== Dataset excerpt ==
———
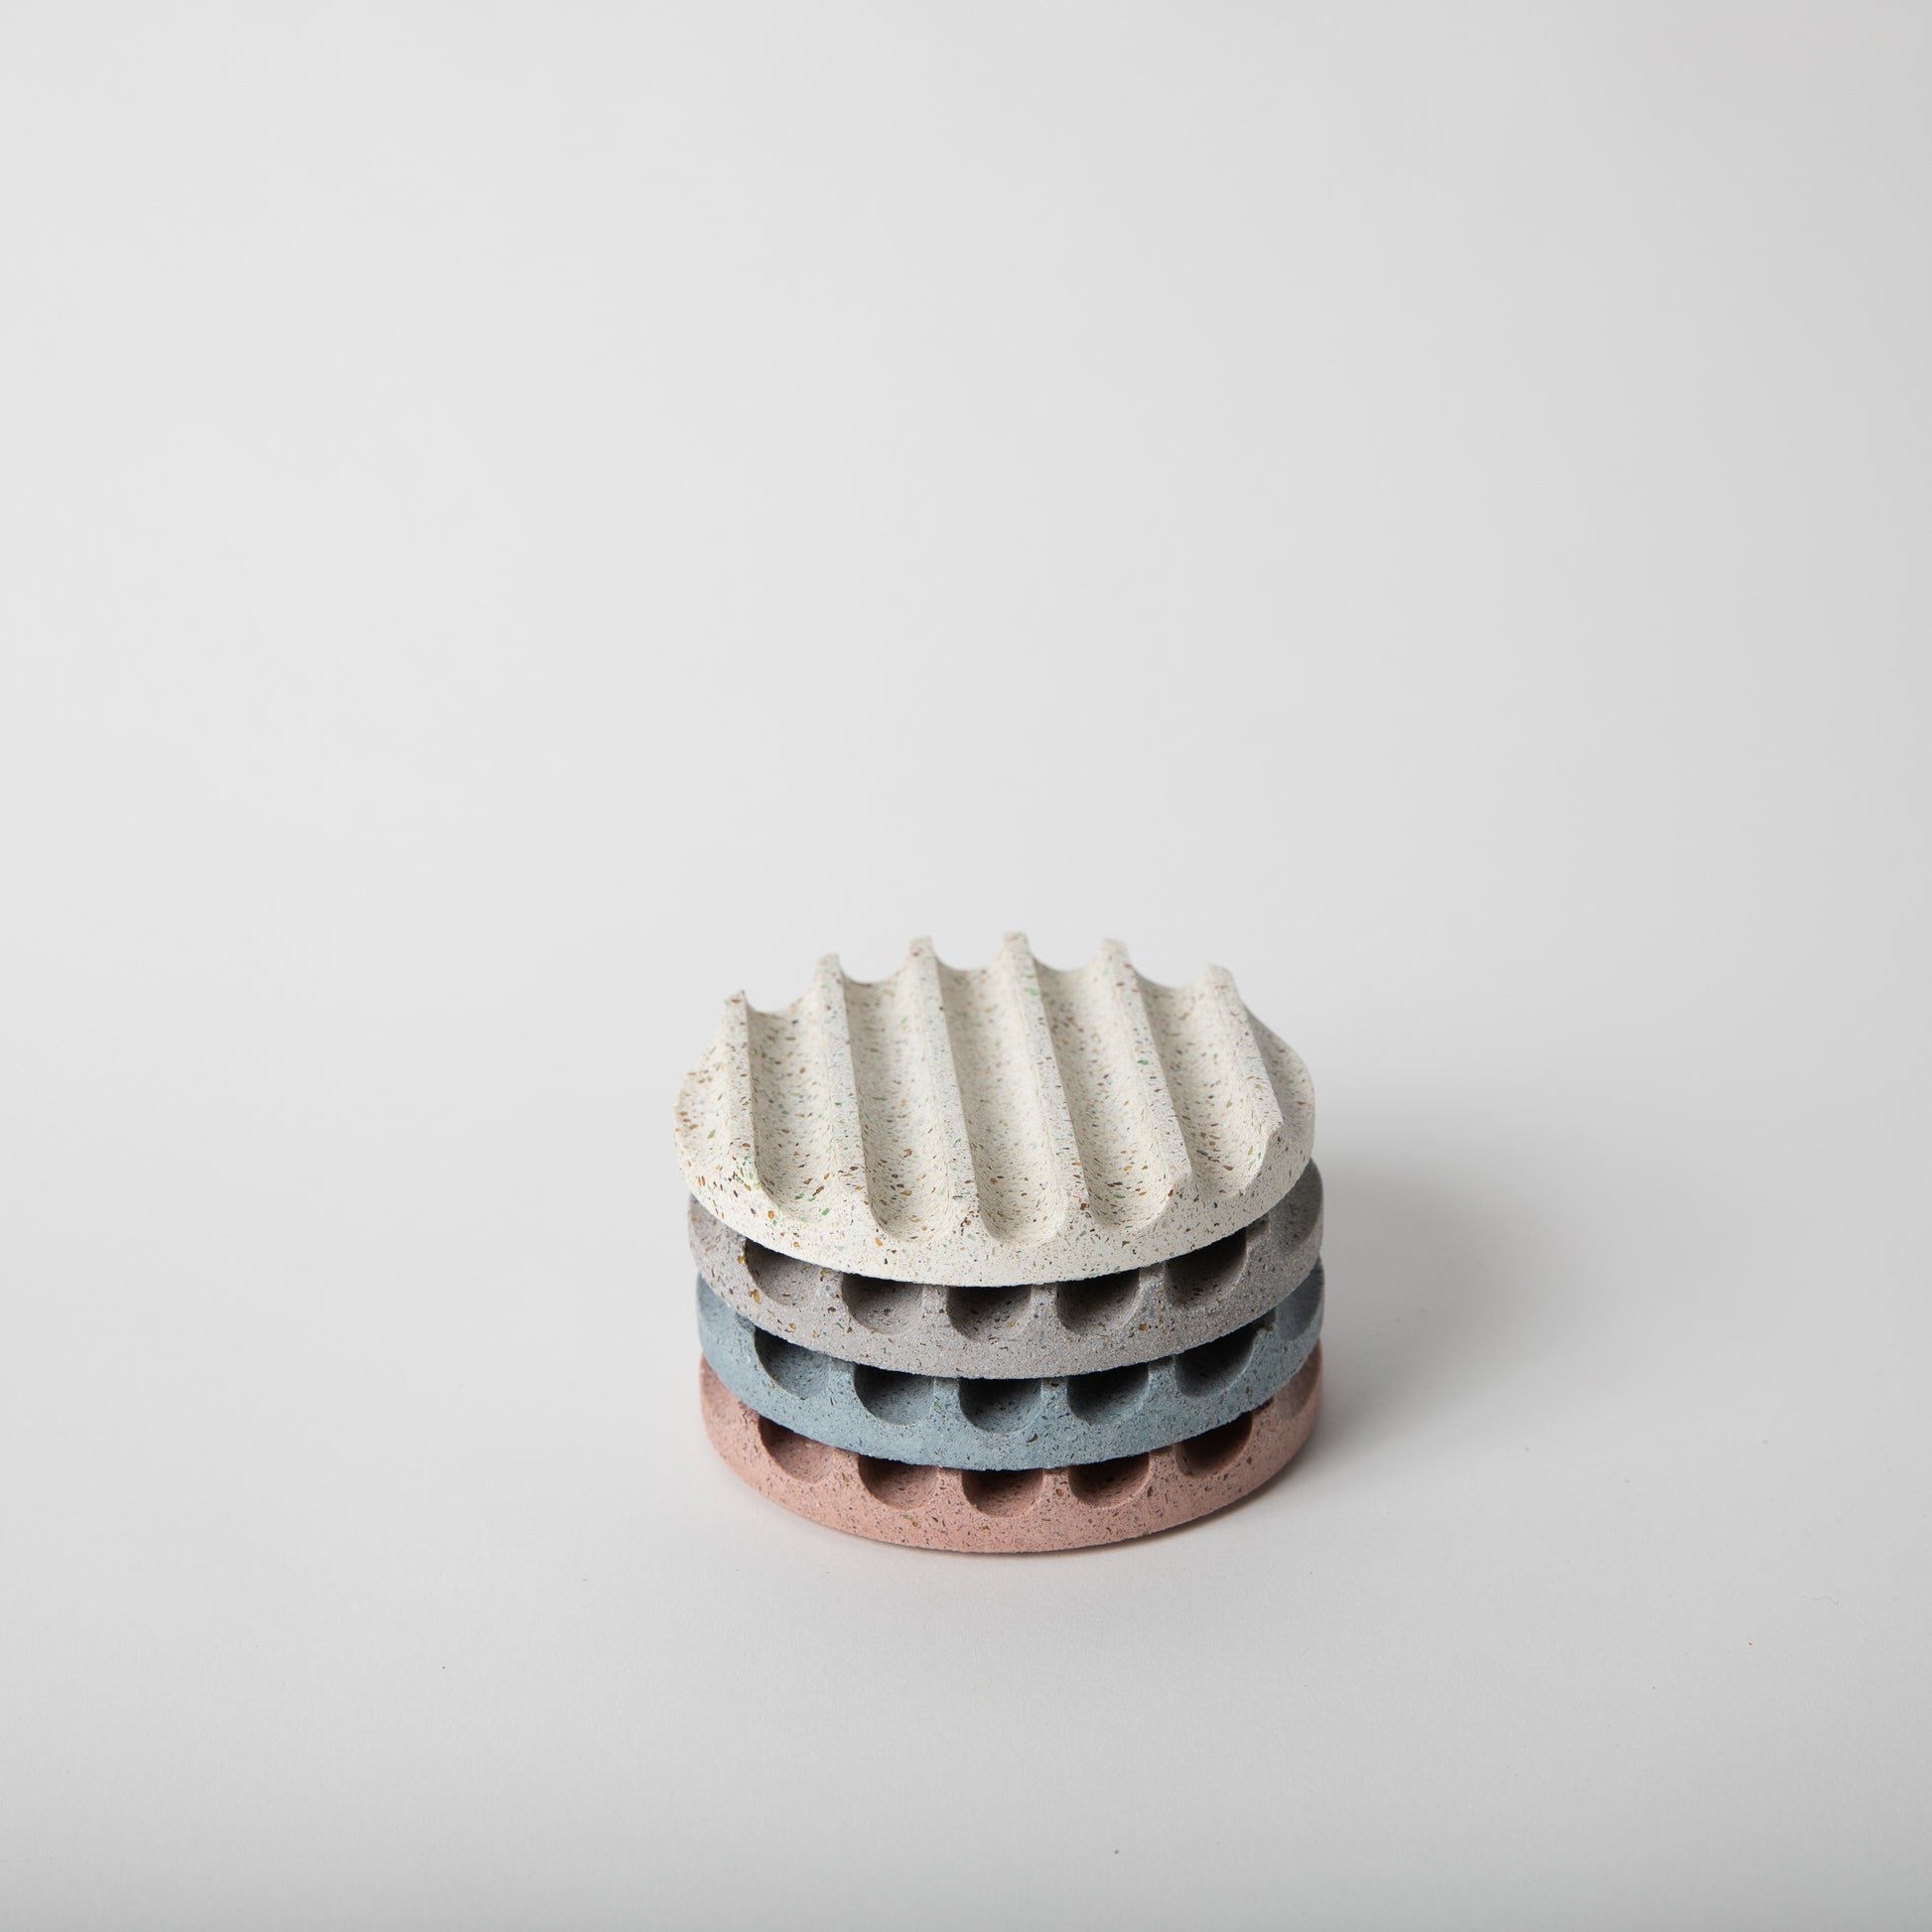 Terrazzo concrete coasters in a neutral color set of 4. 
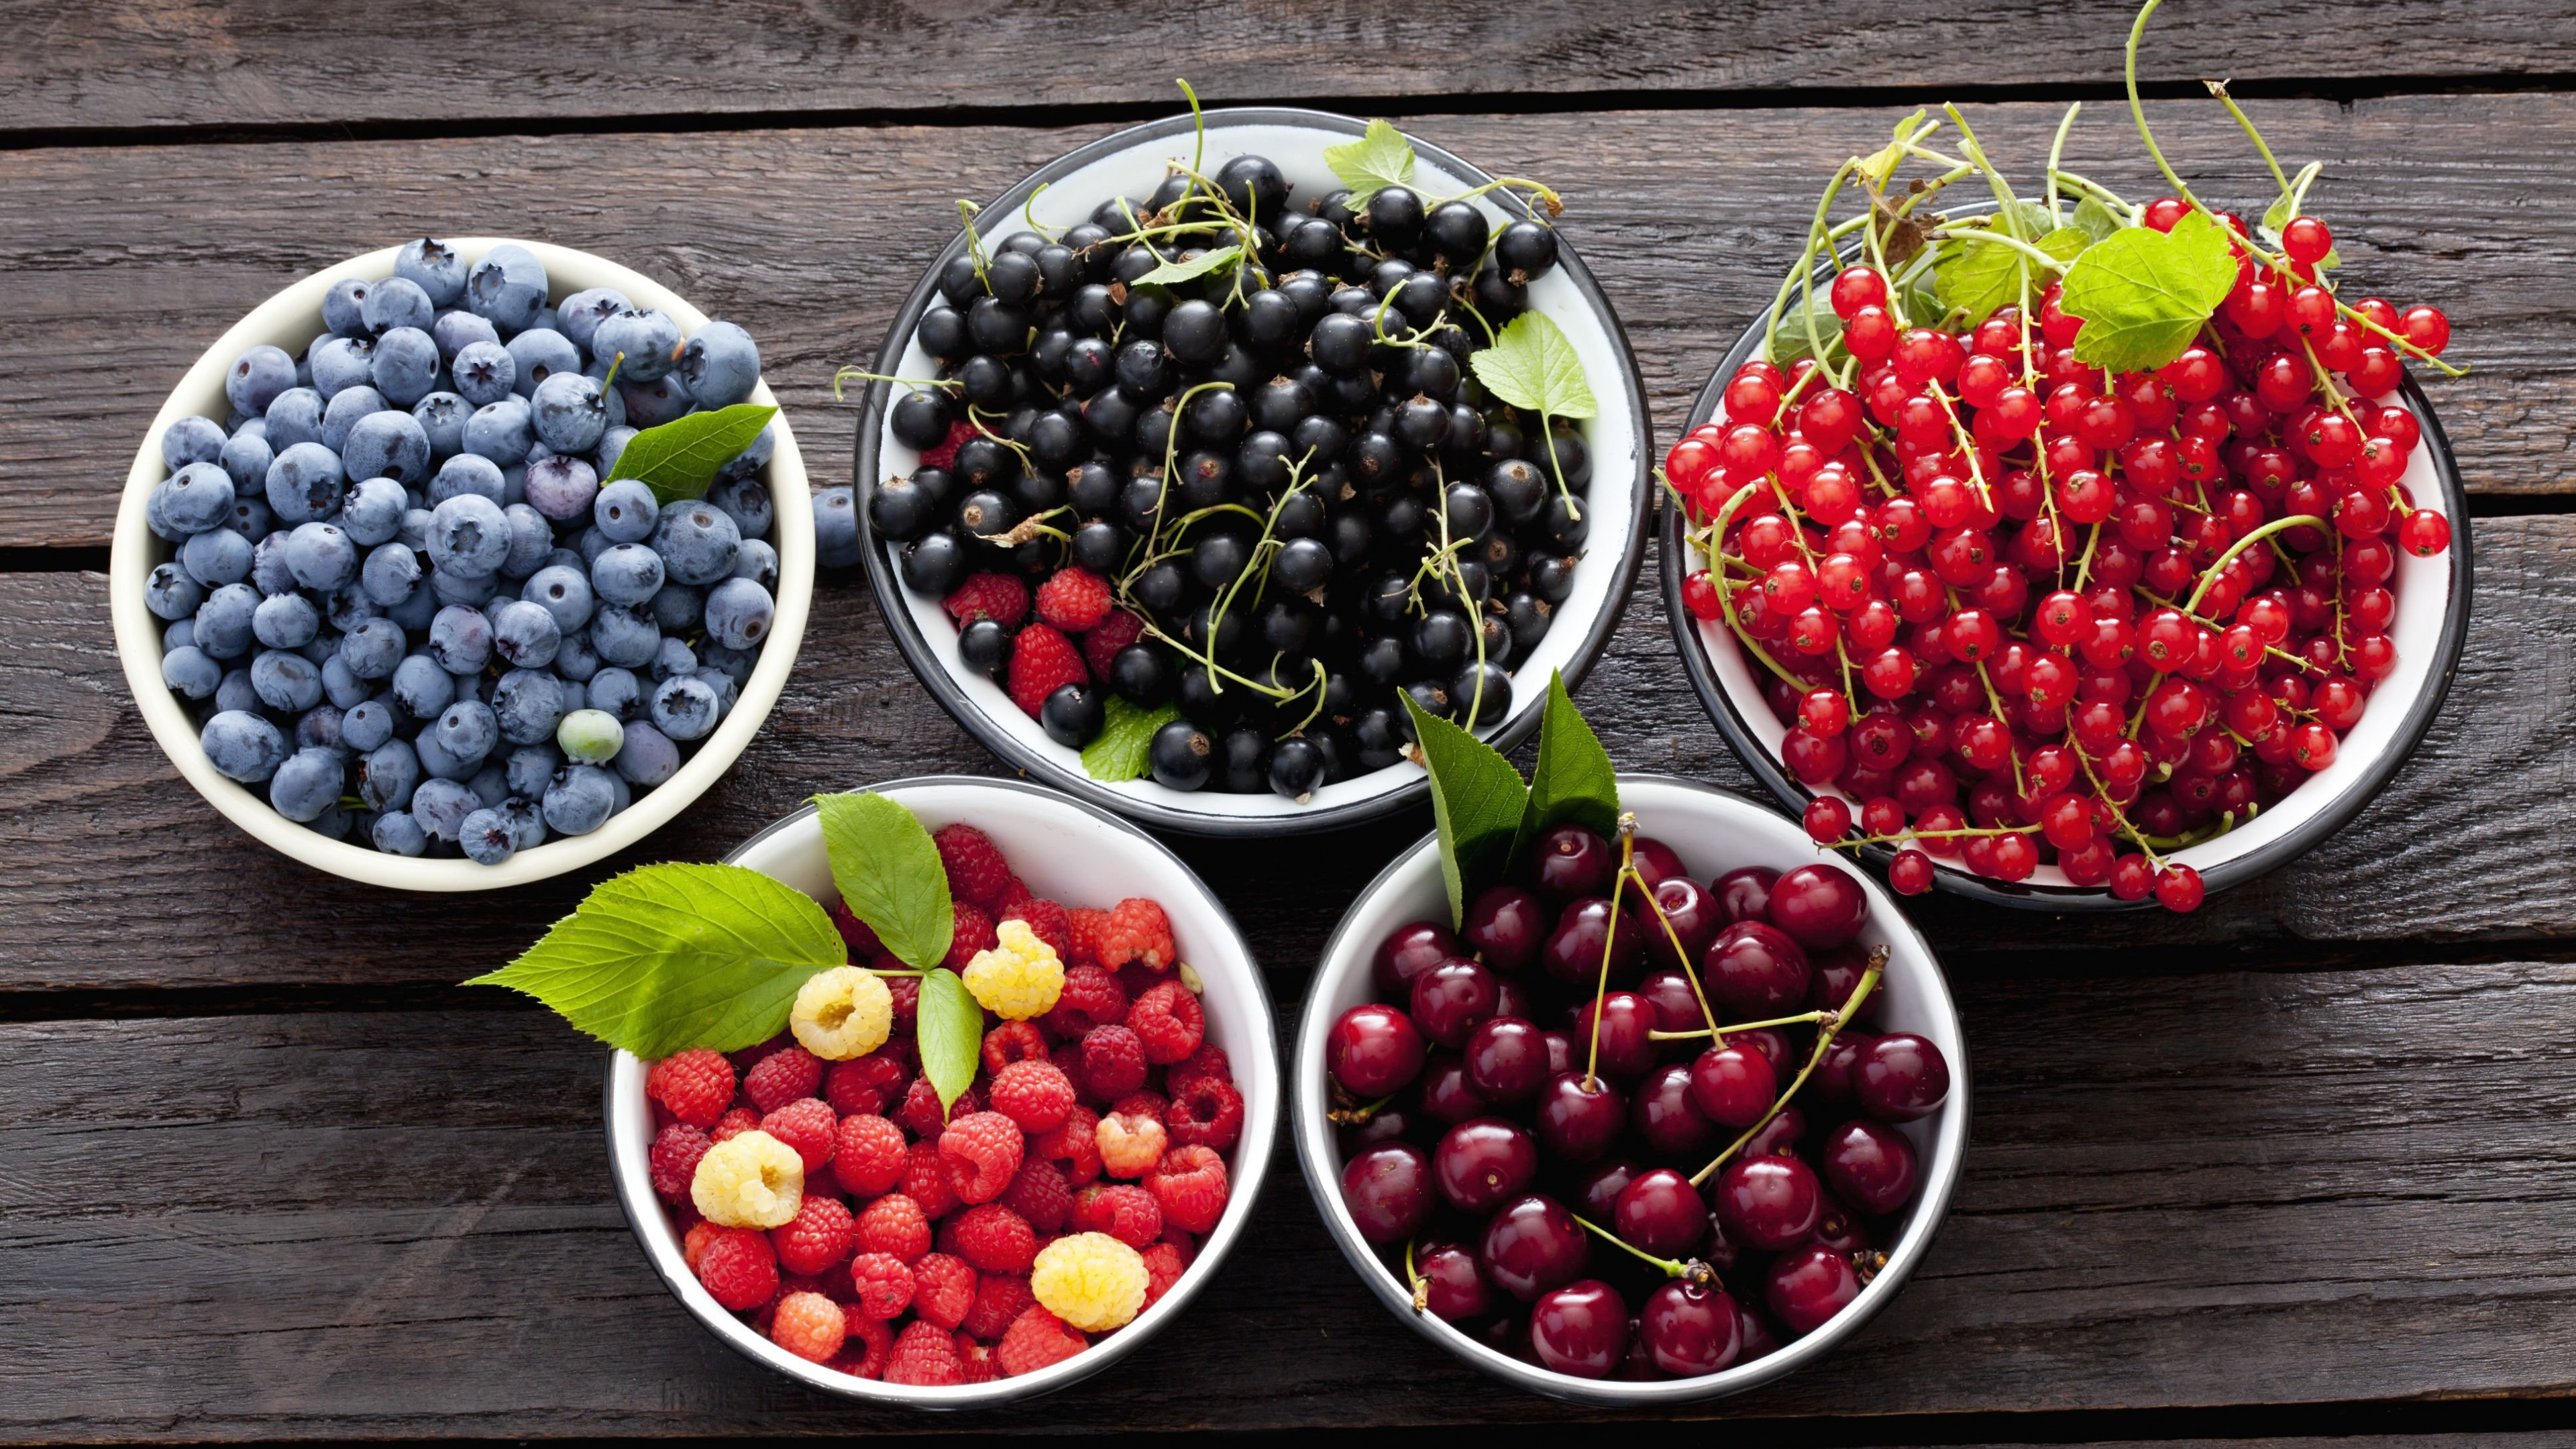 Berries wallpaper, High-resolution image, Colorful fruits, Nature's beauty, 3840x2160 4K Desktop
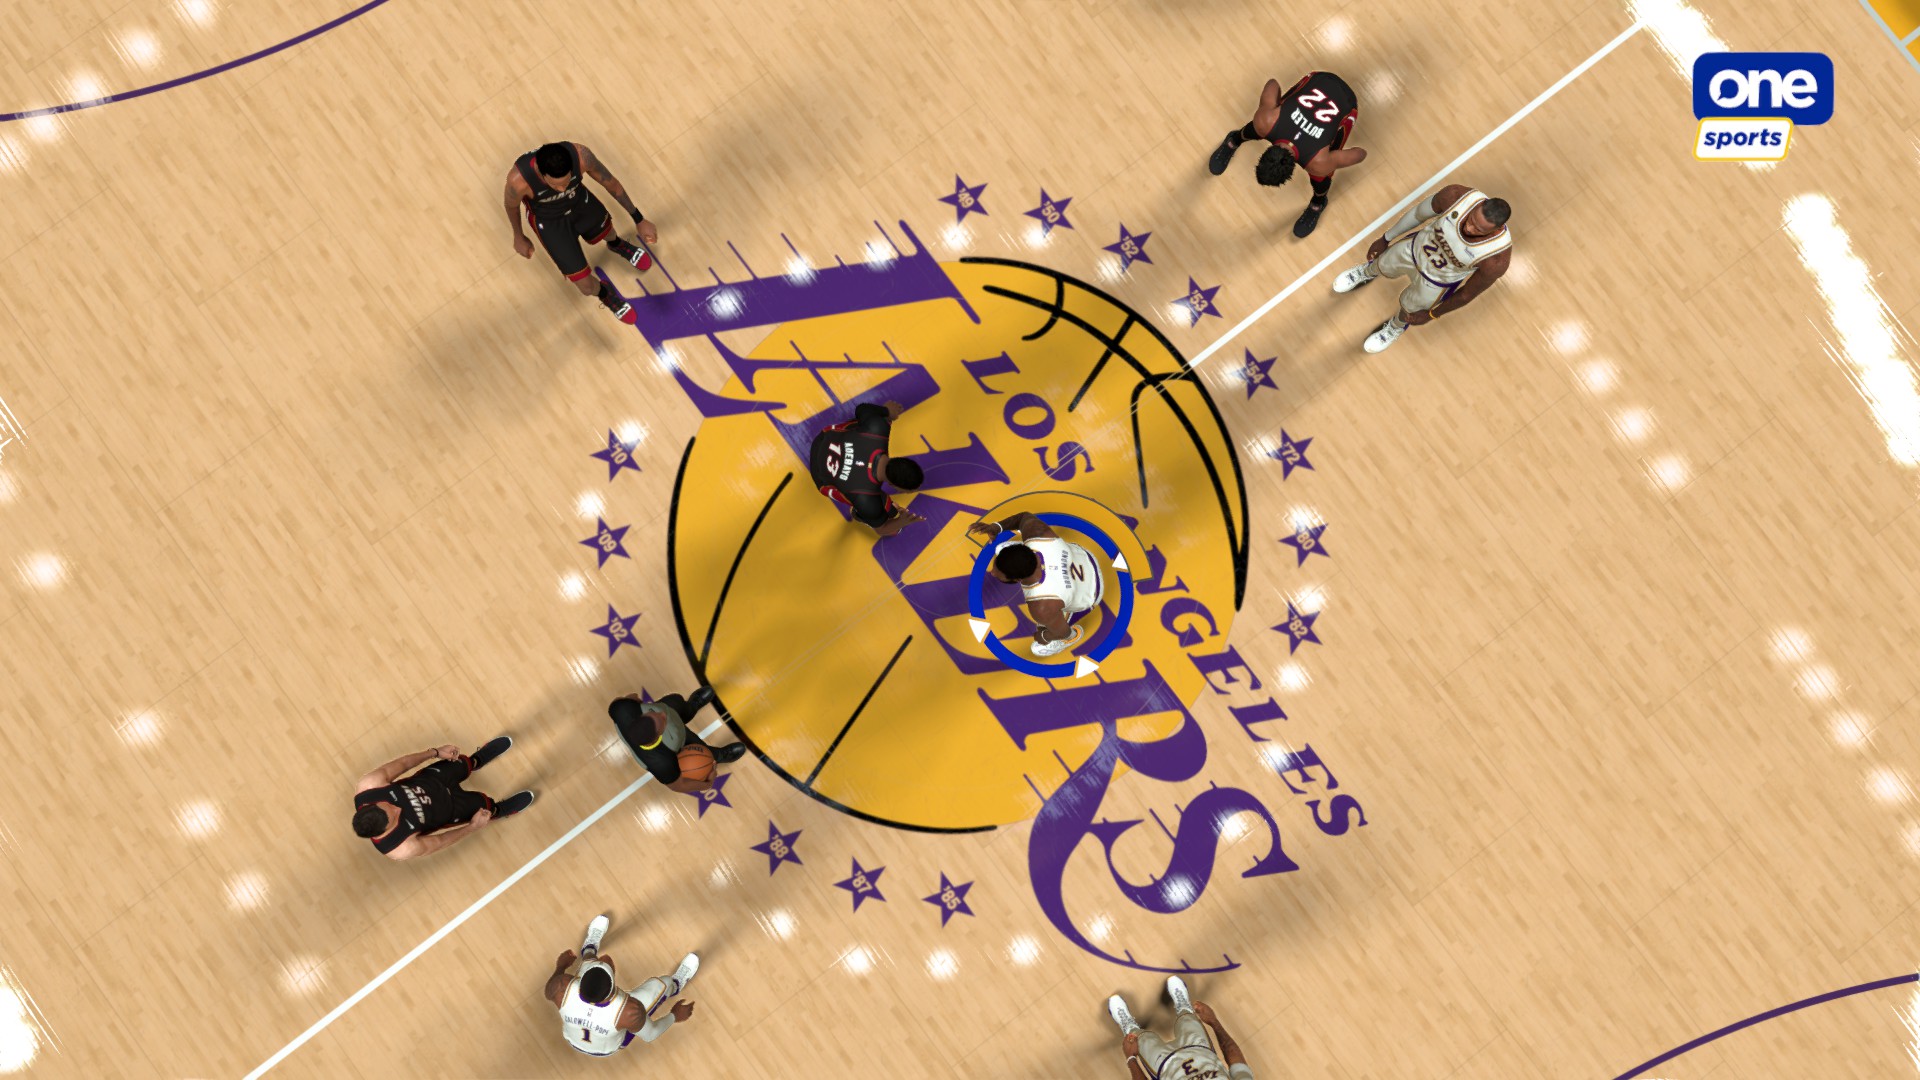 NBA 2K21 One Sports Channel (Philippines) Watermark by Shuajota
———
== Task statement ==
Omit the pictures, then output the rest of the listing exactly.

== Answer below ==
 Terrazzo concrete coasters in a neutral color set of 4. 
 Berries wallpaper, High-resolution image, Colorful fruits, Nature's beauty, 3840x2160 4K Desktop
 NBA 2K21 One Sports Channel (Philippines) Watermark by Shuajota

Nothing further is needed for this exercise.